When I am mindful, I wake up.
~See you Sunday. Let us come together and be mindful of mutual presence and the Presence of the Holy One. Perhaps we will step into an Awakening.
David Berlinski writes poetically a breathtaking overture to his book, A Tour of the Calculus. I am no mathematician nor a physicist, but Berlinski’s devotion to his subject is that of a priest at an altar. He has seen across the threshold into and through the mechanics of the universe and its symmetry astounds him. He relays his awe not through numbers–though he would likely argue that he could have done so by numbers alone–but through brilliant, often poetic, English. Which is to say, he relies as much on symbol and poetic nuance as any preacher trying to decipher scripture. His awe revolves around the fundamental revelation to which he is a witness: ”the real world may be understood in terms of real numbers.” You should take a moment to enjoy his brief prologue (easily enough to accomplish by looking inside the book on Amazon or having a sample of the book sent to you). This revelation is simply the notion that the world is comprehensible. Einstein said as much, “The most incomprehensible thing about the world is that it is at all comprehensible.” I prefer St. Augustine’s paean to the mystery of being, “And yet it is neither the heaven of heavens, nor the measure of the stars, nor the scope of sea and land, nor the nethermost hell; it is our own selves that we are incapable of comprehending; it is our own selves, who, in our too great height and strength, transcend the humble limits of our own knowledge; it is our own selves, whom we are incapable of embracing…” (“The Soul and Its Origin”).

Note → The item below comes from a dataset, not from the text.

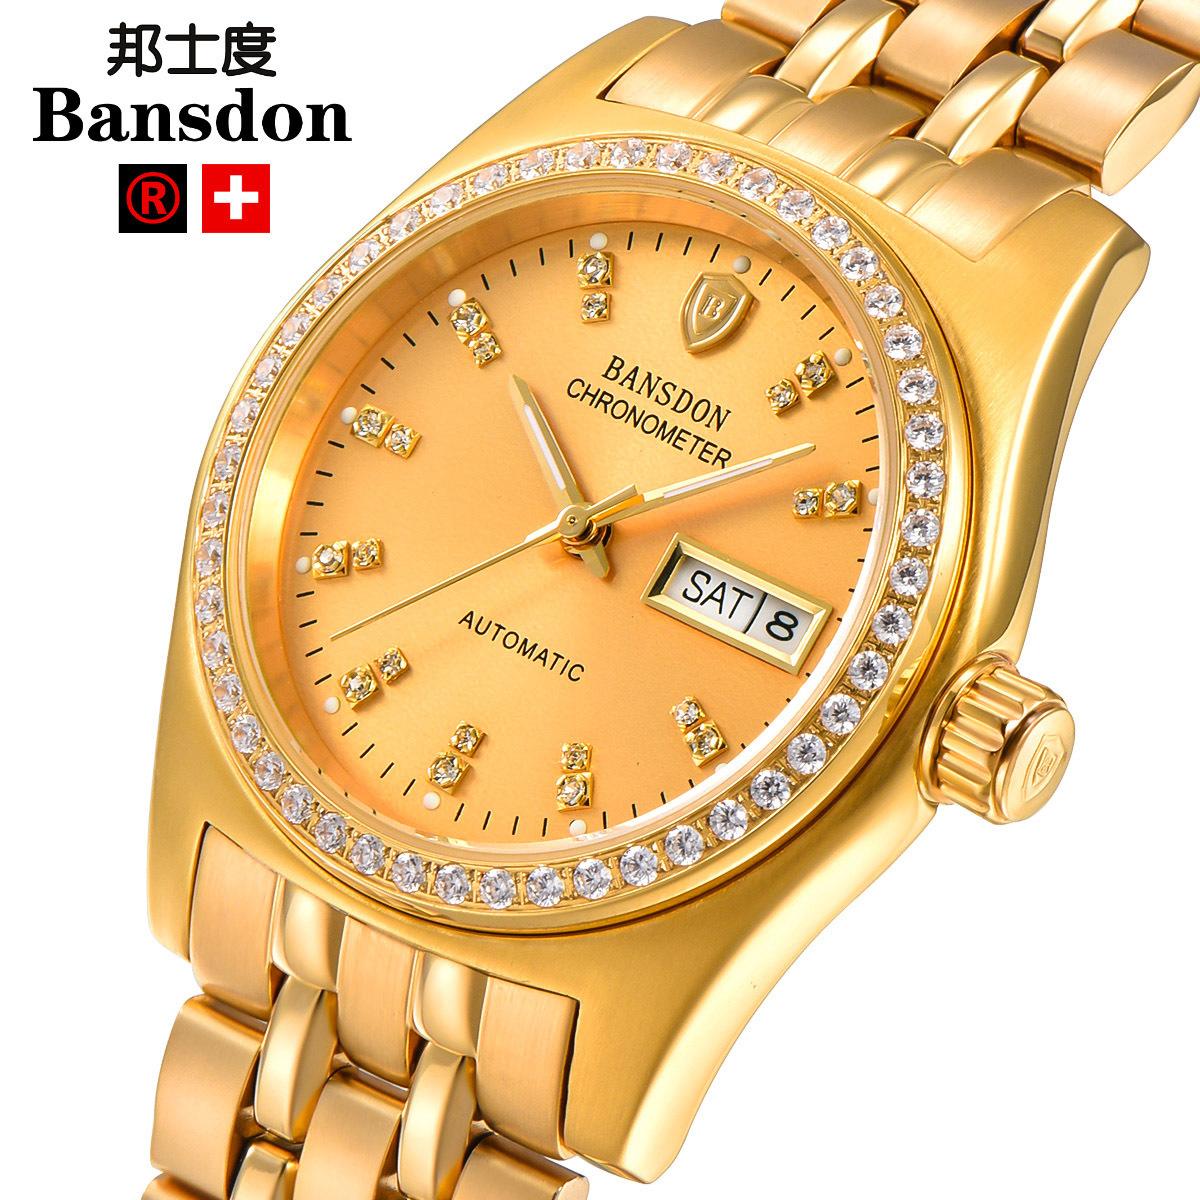 Authentic bonshidu gold watch mens watch double calendar automatic mechanical watch waterproof hollow gold watch mens Watch

As you tour the calculus of your life; fumbling with change and counting it; responding to the grumbling in your stomach by eating food; quenching your thirst; catching a glimpse of the moon carved in space in a pale blue sky; singing along with a song; communicating by way of words what is inside your mind to another living, breathing, sentient being; as you do these things and thus trace the symmetry and order of your life, you may step into the mystery (ah, thanks to brother Van Morrison!). I look forward to seeing you in the holy space of our sanctuary on Sunday. We’ll celebrate and sing the mystery. ~See you Sunday
Monday is another day of snow. The appearance of flakes, the shortening of vision, the powder piled on the sidewalk and great machines tripping and panting along the streets, rendered suddenly powerless by water, snow and ice. It is a good day to remain in doors and ransack the poets.
Tend to your soul. Turn off the meteorologists. They predict and frighten. Tend to your mind. Find one wonderful sentence crafted by a poet that can lead you to heaven’s gate at Jerusalem’s wall (that’s William Blake). Mind you, you could read a novel of two hundred pages or get started but poetry is sonic zen expansiveness. One single line can open a world. Here’s a line I found while ransacking poets today. It is by Franz Wright and his book, Walking to Martha’s Vineyard, in a poem entitled, “My Place.”
I believe one day the distance between myself and God will disappear.
This Sunday, February 7th, begins our observance of Black History Month. Pastor Bledsoe will be speaking on the topic, “History As A Weapon of Defiance” (a reference to an excellent essay by Drew Gilpin Faust, “John Hope Franklin: Race & the Meaning of America, “ New York Review of Books, December 17, 2015). An excerpt from that sermon to be delivered:
Our city was recently buried beneath more than 20 inches of snow in two days. It wreaked havoc and continues to interfere with commerce and transportation, weeks after the event. People comprehend this. It is not complex. How is it possible then for our nation and in particular, for Christians, to pretend they cannot comprehend how the effects of slavery, lynching, terrorism, segregation, Jim Crow, mass incarceration and untold suffering continue to destroy Black lives? Slavery and White Supremacy have been apocalyptic catastrophes. Hence, we need a Black History Month to plow through the blizzard of lies that not only sustained these systems but continue to this day to erase, injure, and destroy.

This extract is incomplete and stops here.